* [Task to carry out]:
Your task is to return the listing below word for word, without any of its images.

* [Supplied data]:
********************

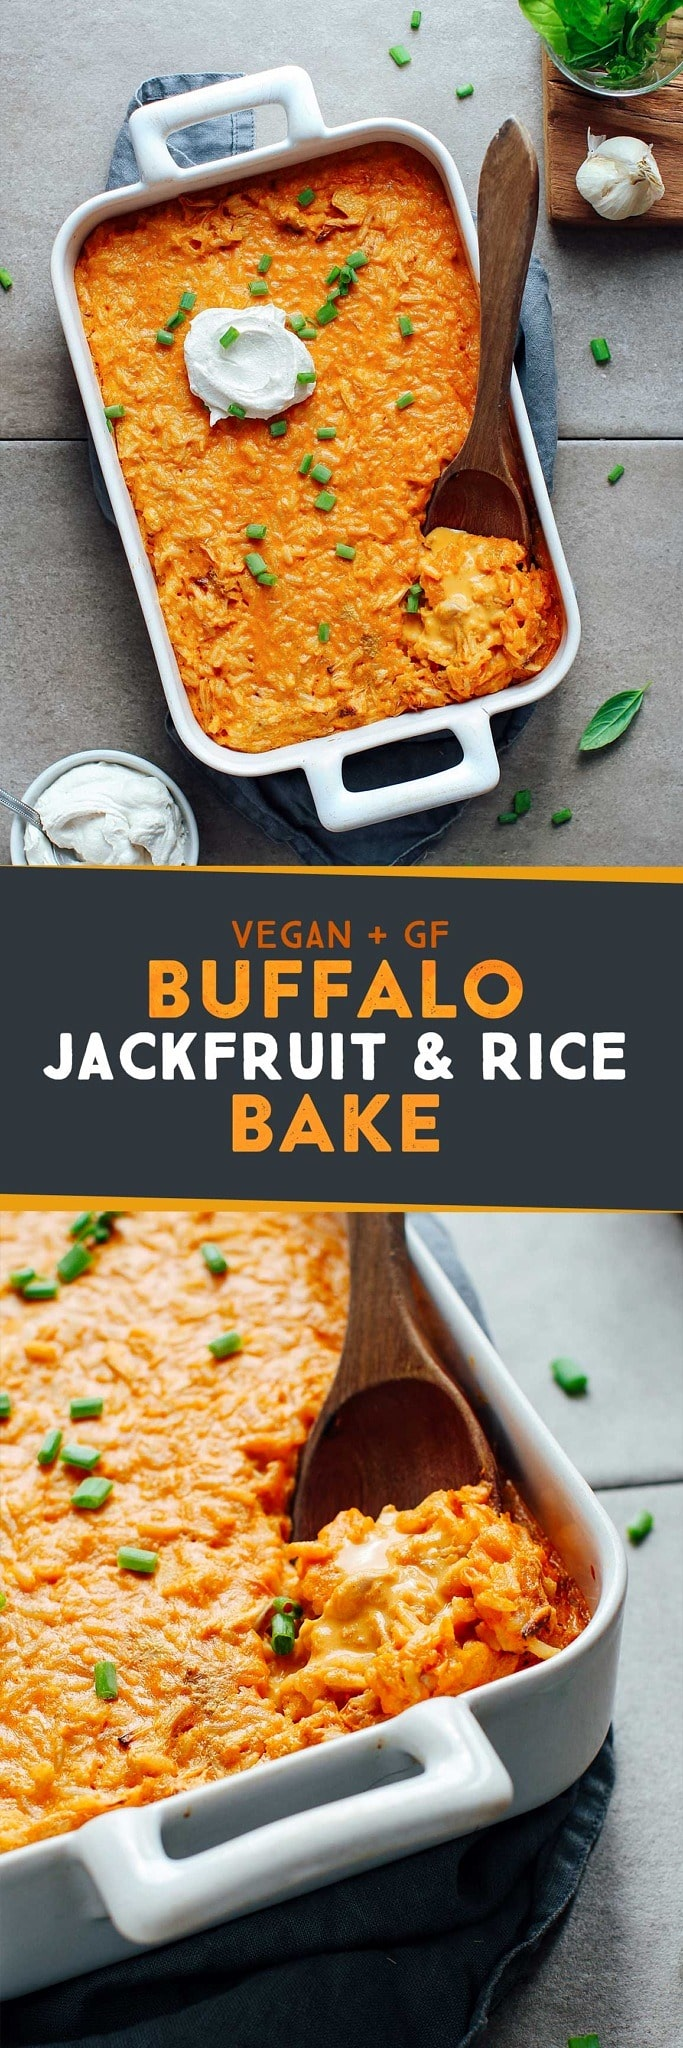 Buffalo Jackfruit & Rice Bake
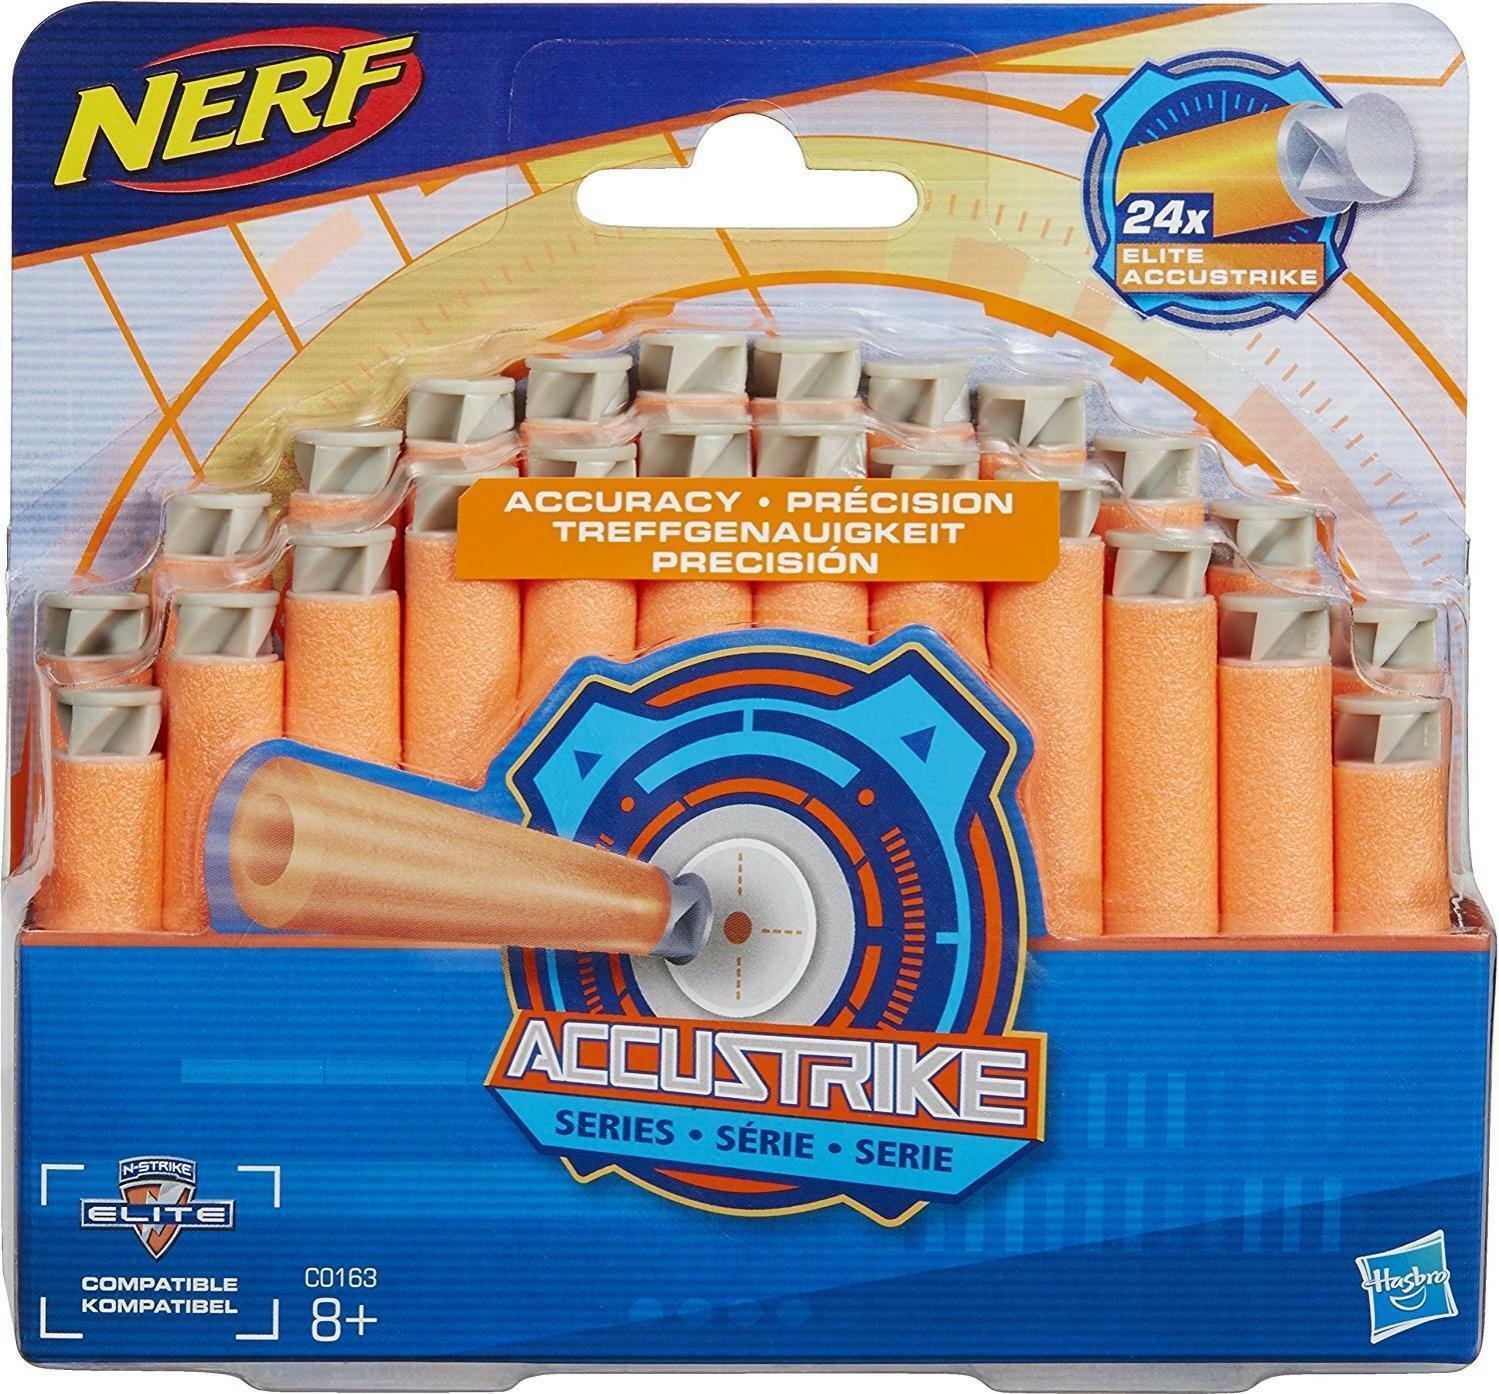 hasbro nerf n-strike elite - 24 dardi accustrike
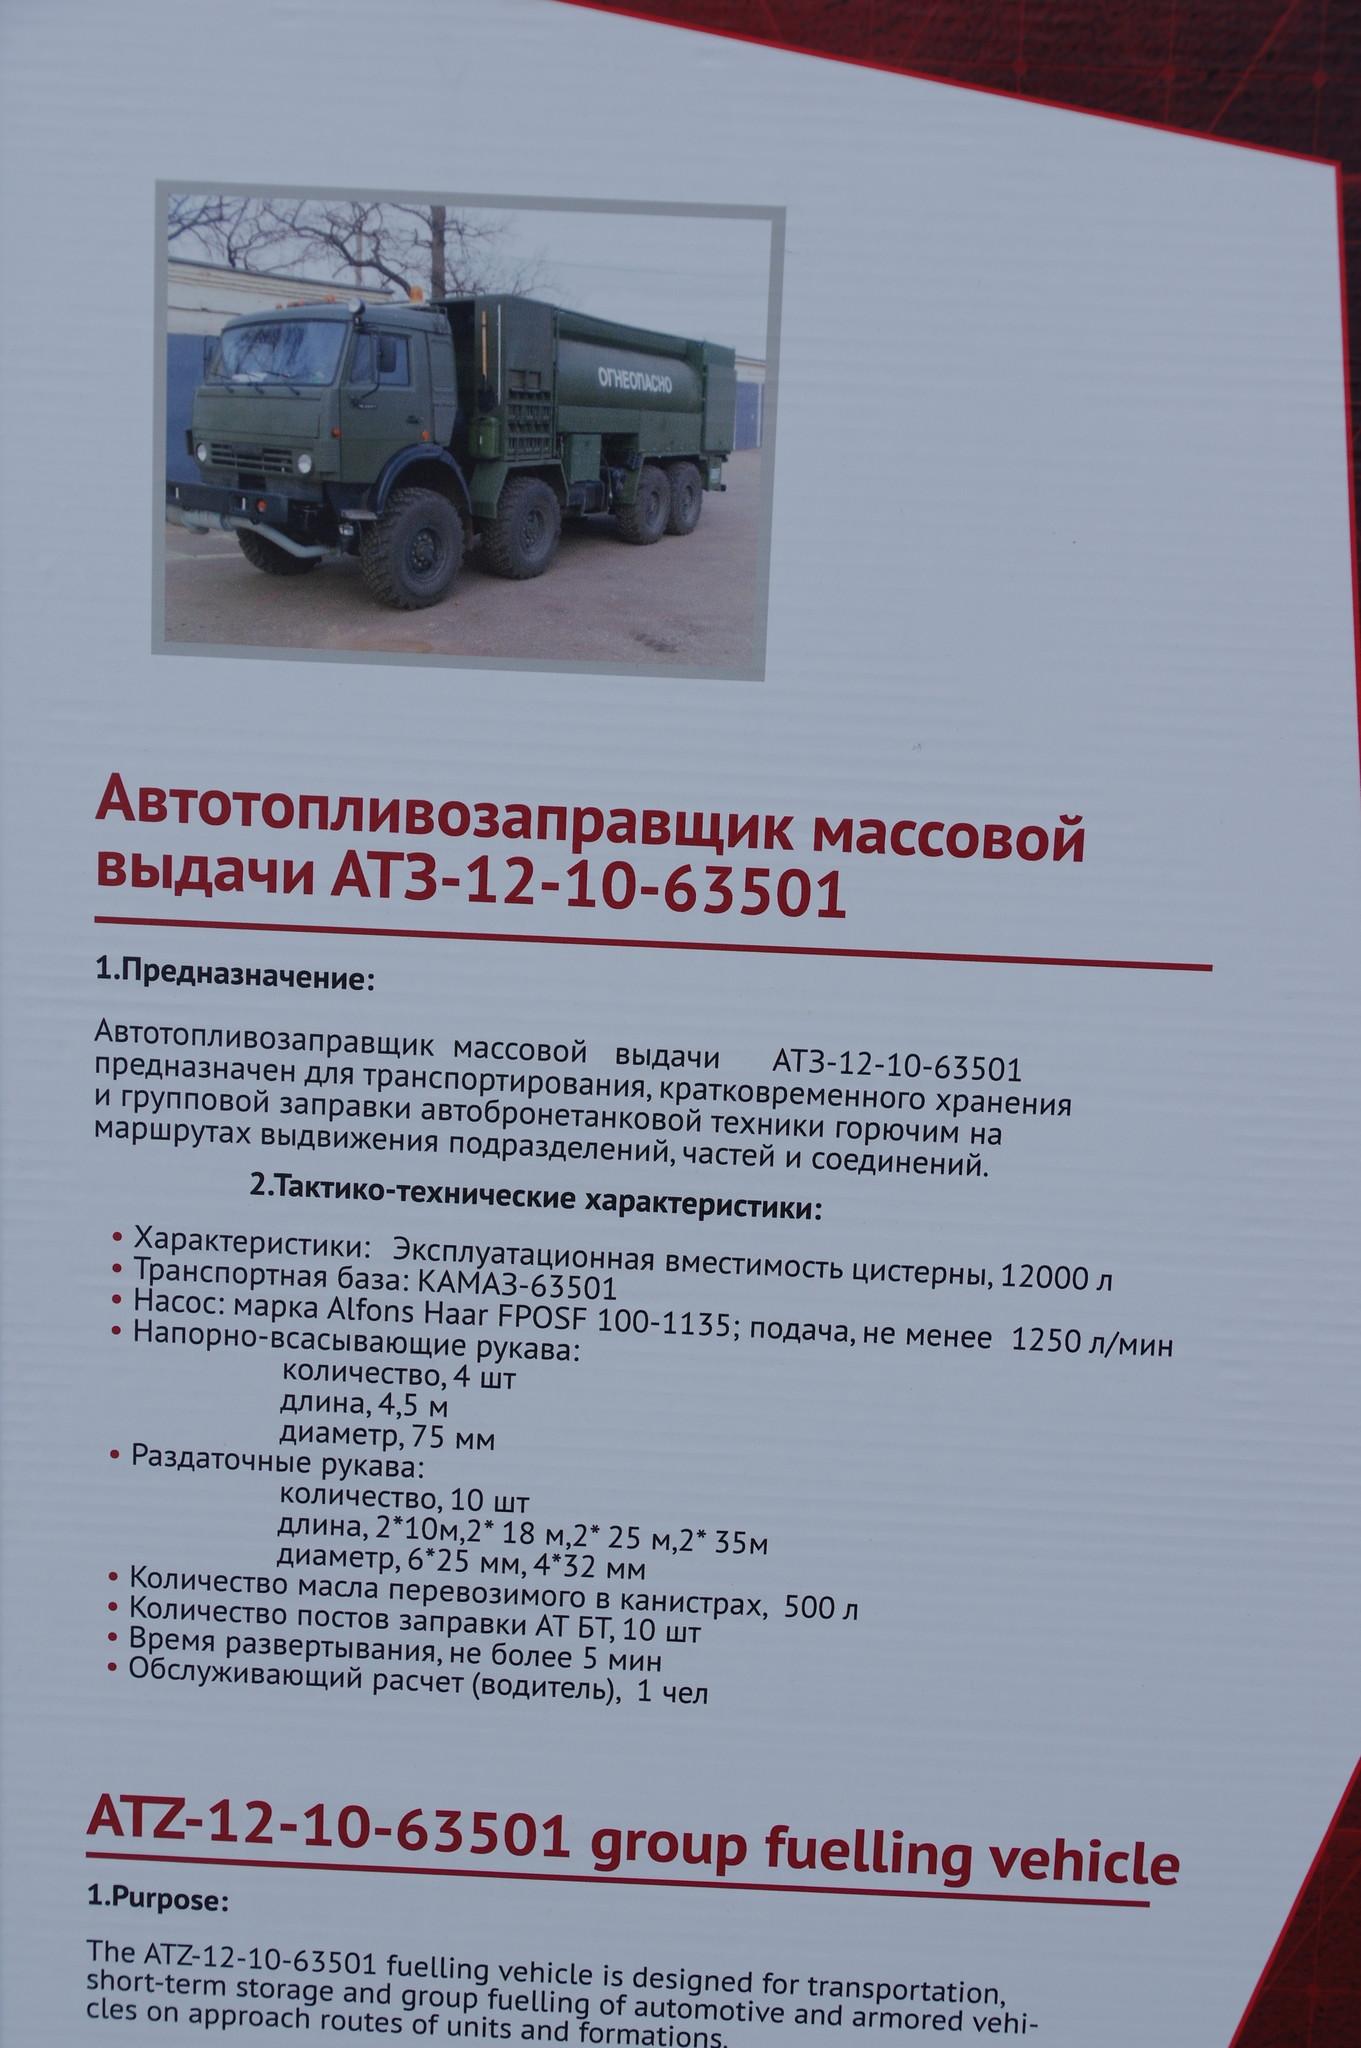 Автотопливозаправщик массовой выдачи АТЗ-12-10-63501
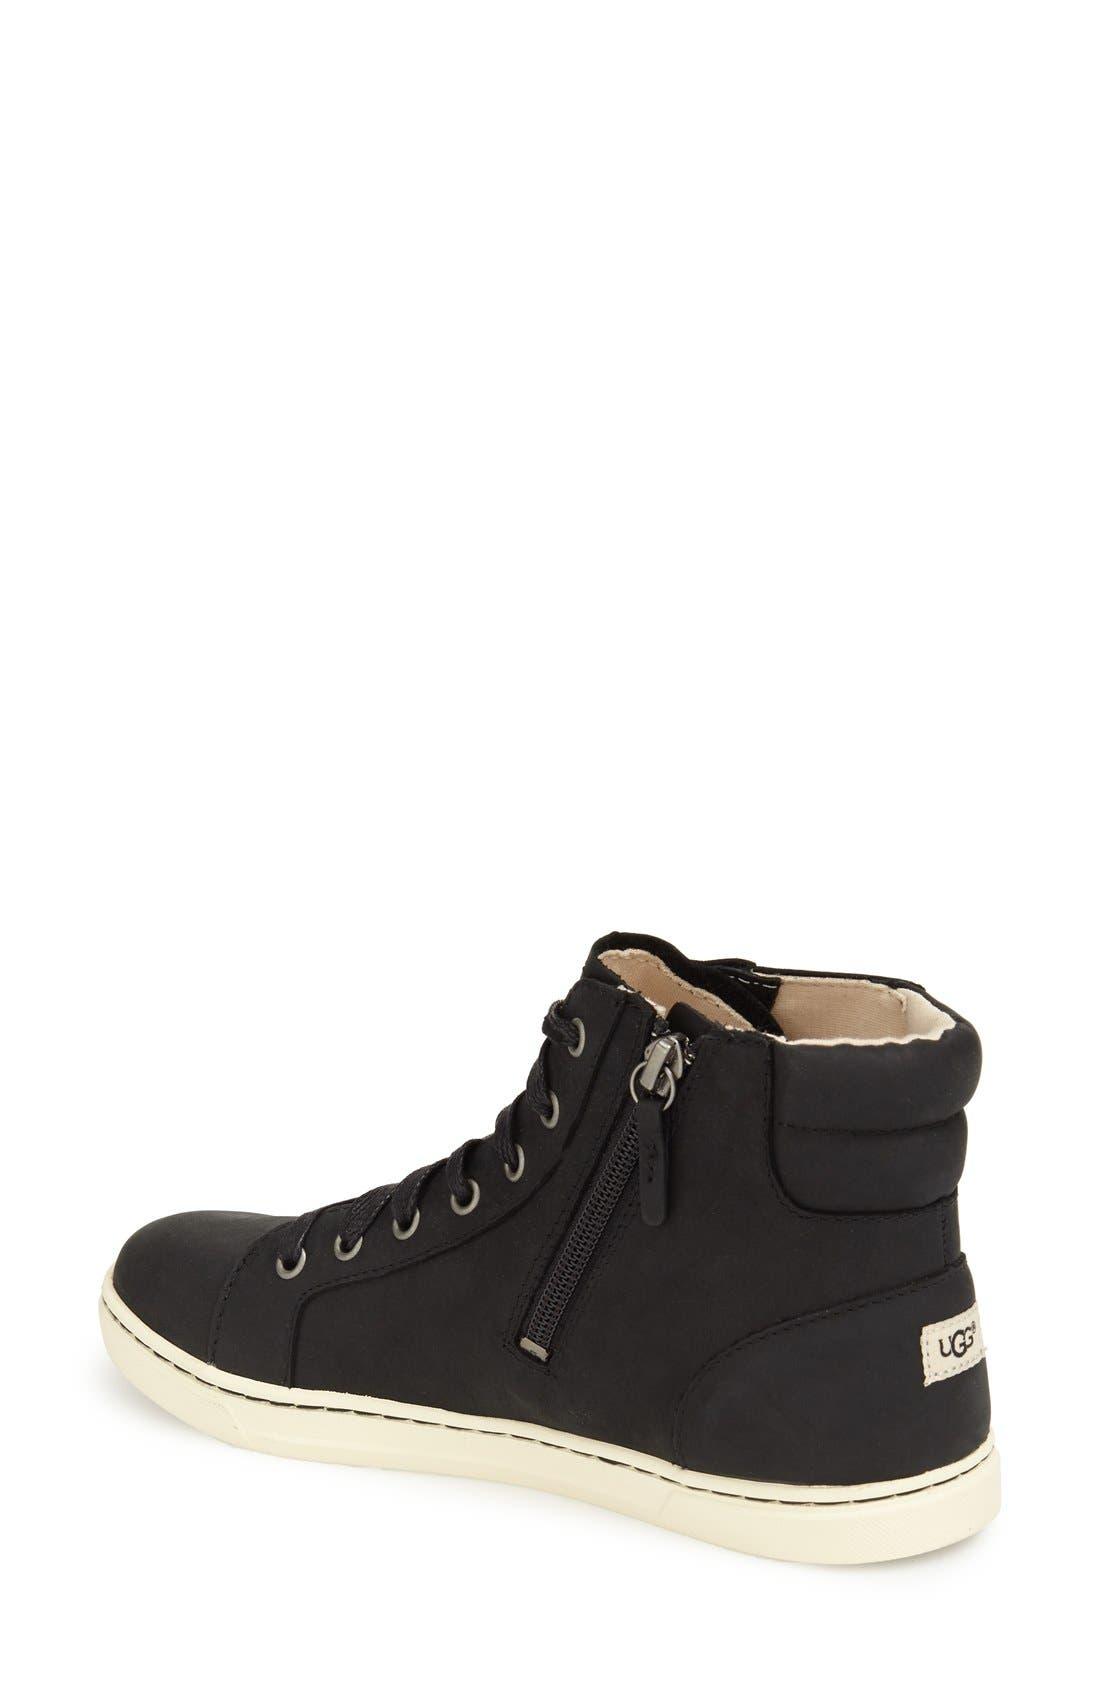 Alternate Image 2  - UGG® 'Gradie' High Top Sneaker (Women)

********************

* [Reply]:
 Buffalo Jackfruit & Rice Bake
 hasbro nerf n-strike elite - 24 dardi accustrike
 Автотопливозаправщик массовой выдачи АТЗ-12-10-63501
 Alternate Image 2  - UGG® 'Gradie' High Top Sneaker (Women)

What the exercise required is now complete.